发起选举的场景：当 follwer 在（随机化的）election timeout 时间内没有收到来自 leader 的心跳，则 follower 变为 candidate，并启动新一轮的选举。

在这轮选举中，candidate 先给自己投一票，并自增当前任期，随后向其他 follower 发起向自己投票的 rpc

投票规则：

如果 Candidate 的任期小于自己的当前任期，直接拒绝。
如果自己尚未投票给该任期内的其他 Candidate，且 Candidate 的日志至少和自己一样新（lastLogTerm 和 lastLogIndex 检查），则同意投票。
每个节点在一个任期内只能投一次票（先到先得）。

每条日志包括 index，term，以及一条状态机指令（记录对于系统状态或变量的修改）

term：标记 leader 的一个任期
index：日志条目编号

当 leader 选出后，对于每条客户端当请求，会将其作为日志条目，然后向所有 follower 发起 AppendEntries RPC 复制日志条目。当这条日志被复制到 N/2 + 1 ji以上的 follower 确认接收后，leader 提交这条日志，并通知 followers 提交

在提交完成后，就会执行状态修改

http 访问命令¶

# 启用 player 服务维护模式
curl -X PUT "http://localhost:8500/v1/agent/service/maintenance/service-id?enable=true&reason=player-service-maintenance"

# 验证 player 服务维护状态
curl http://localhost:8500/v1/agent/service/maintenance/player-172.16.0.13-8040

# 禁用 player 服务维护模式
curl -X PUT "http://localhost:8500/v1/agent/service/maintenance/service-id?enable=false"
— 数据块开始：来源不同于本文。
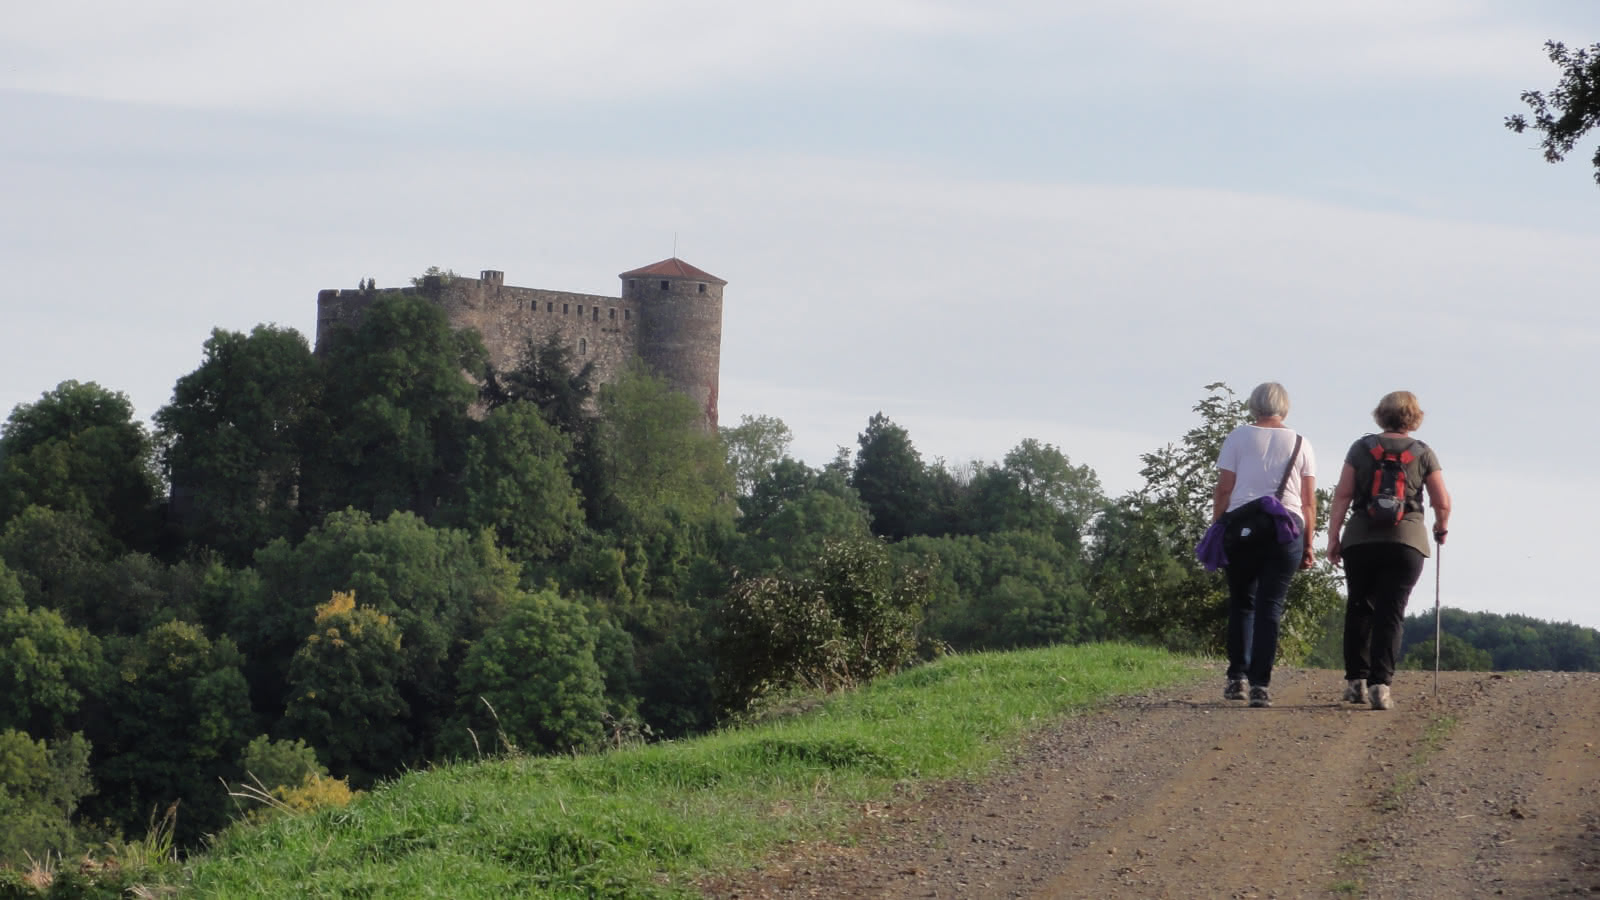 © Promenade du jeudi : Villages et buttes volcaniques des côteaux du Val d'Allier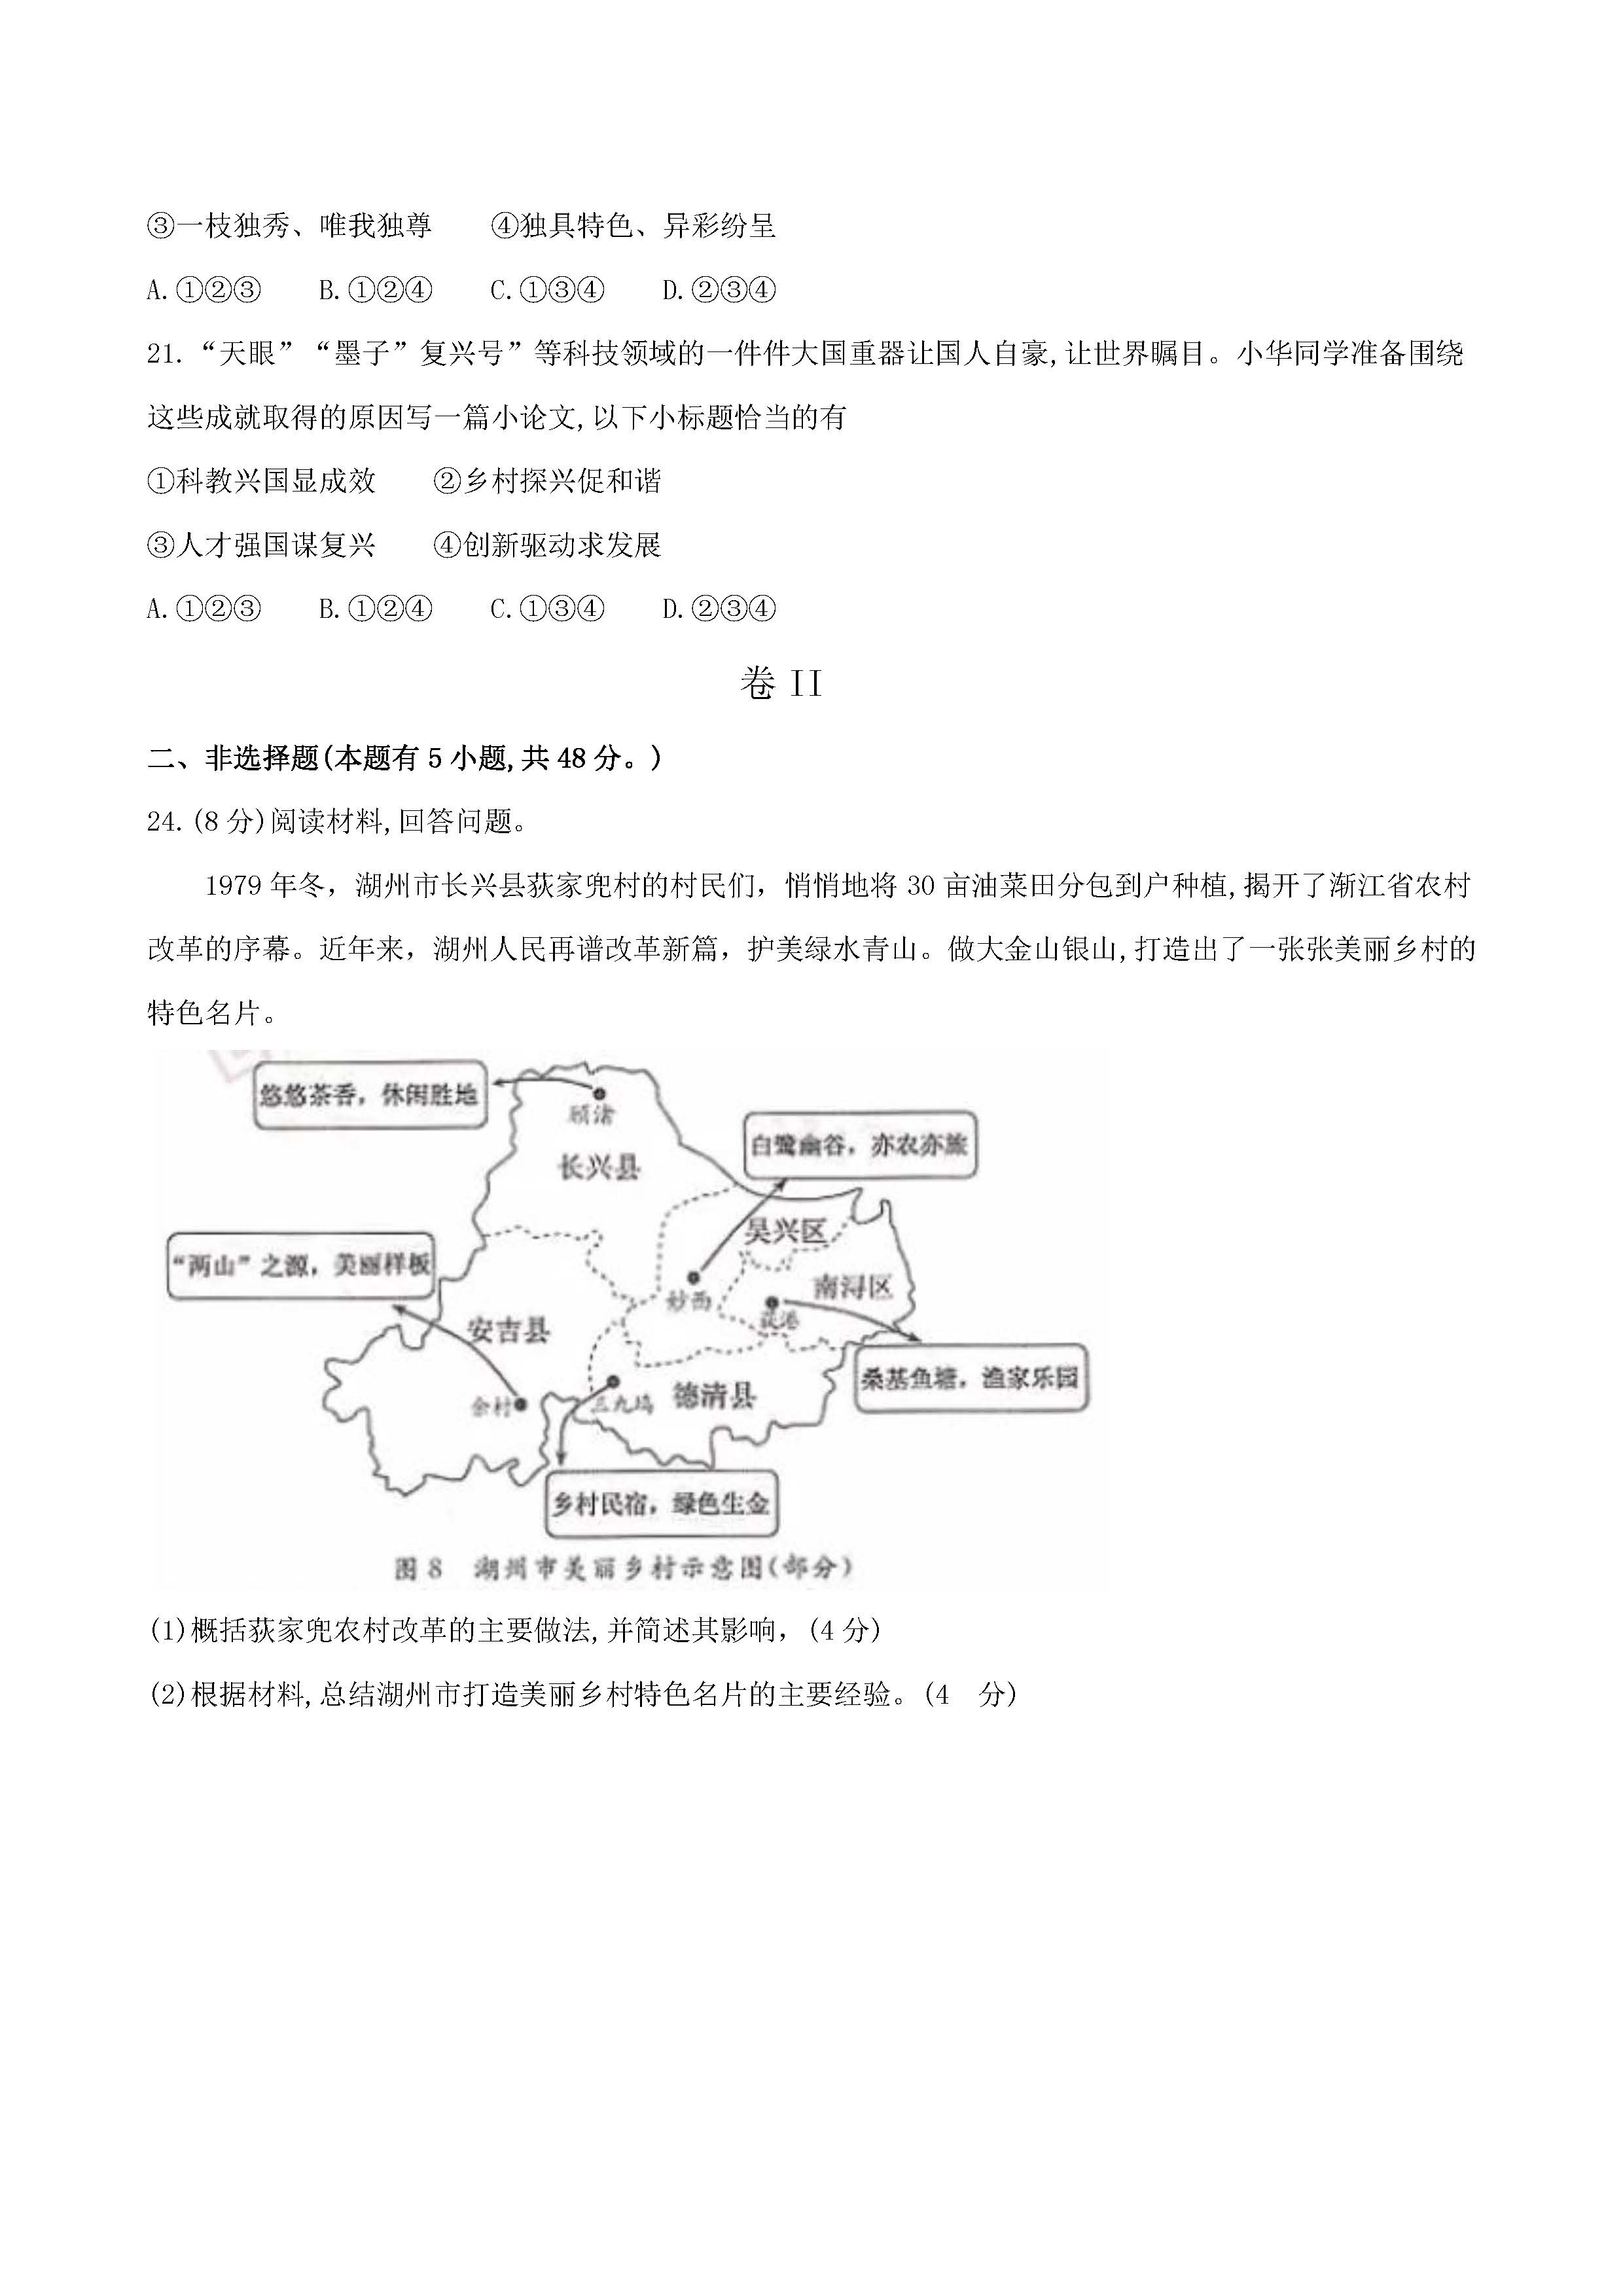 2018年浙江湖州中考思想品德真题及答案已公布

这里的 service-id 区别于 service-name，标注了具体的服务名称

# 查看本节点的所有服务
curl http://localhost:8500/v1/agent/services | jq '.'

# 查看服务的详细信息
curl http://localhost:8500/v1/agent/services | jq 'to_entries[] | {name: .key, service: .value.Service, port: .value.Port, address: .value.Address}'